People v Rastaldo
2015 NY Slip Op 07431 [132 AD3d 455]
October 13, 2015
Appellate Division, First Department
Published by New York State Law Reporting Bureau pursuant to Judiciary Law § 431.
As corrected through Wednesday, December 9, 2015


[*1]
 The People of the State of New York, Respondent,
v
Carlo Rastaldo, Appellant.

Robert S. Dean, Center for Appellate Litigation, New York (Katharine Skolnick of counsel), for appellant.

Cyrus R. Vance, Jr., District Attorney, New York (Sheila O'Shea of counsel), for respondent.

Judgment, Supreme Court, New York County (Edward J. McLaughlin, J.), rendered September 20, 2012, convicting defendant, after a nonjury trial, of burglary in the second and third degrees and two counts of petit larceny, and sentencing him to an aggregate term of 31/2 years, unanimously modified, on the law, to the extent of vacating the third-degree burglary conviction and dismissing that count of the indictment, and otherwise affirmed.

The court properly denied defendant's motion to suppress statements made to the police prior to the administration of Miranda warnings. The record supports the court's finding that these statements were spontaneous, volunteered utterances that were not the product of police interrogation or its functional equivalent (see People v Ealey, 272 AD2d 269 [1st Dept 2000], lv denied 95 NY2d 865 [2000]). In any event, the record also establishes that defendant's post-Miranda statements were attenuated from the statements at issue.

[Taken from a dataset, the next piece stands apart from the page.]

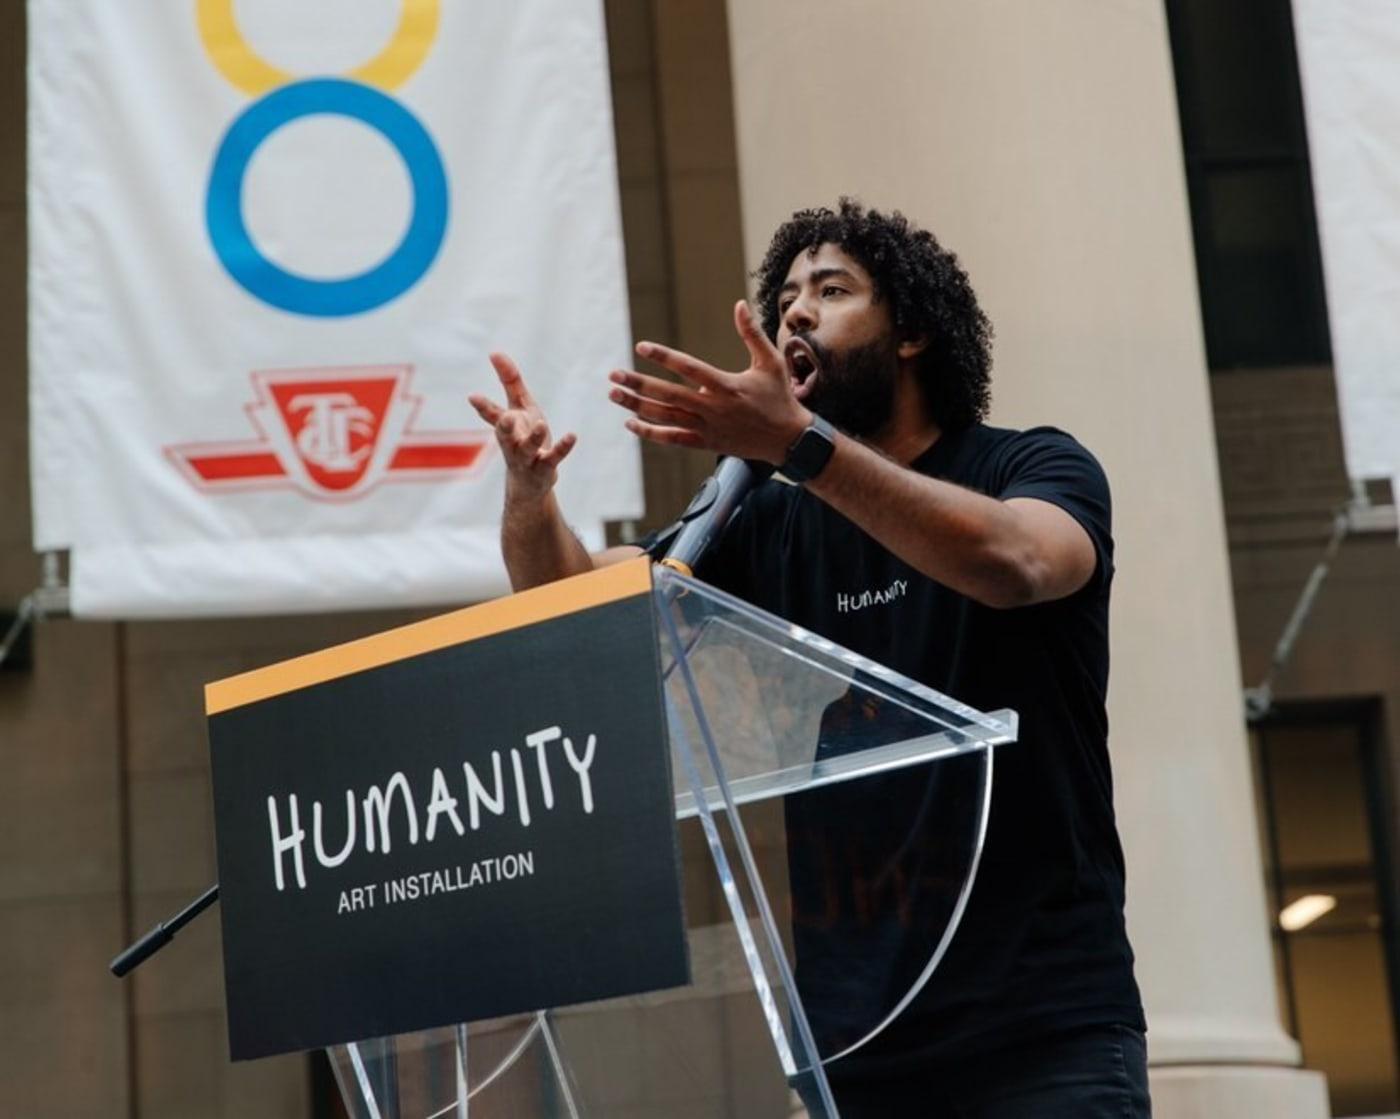 PenMoodz performs spoken word piece at Masai Ujiri's 'Humanity' unveiling

The verdict was based on legally sufficient evidence and was not against the weight of the evidence. The evidence established the "dwelling" element of second-degree burglary (Penal Law § 140.25 [2]; see People v Joseph, 124 AD3d 437 [1st Dept 2015], lv granted 2015 NY Slip Op 70750[U] [2015]).

[*2] As the People concede, the third-degree burglary count should be dismissed as a lesser included offense of second-degree burglary conviction. Concur—Mazzarelli, J.P., Renwick, Andrias and Manzanet-Daniels, JJ.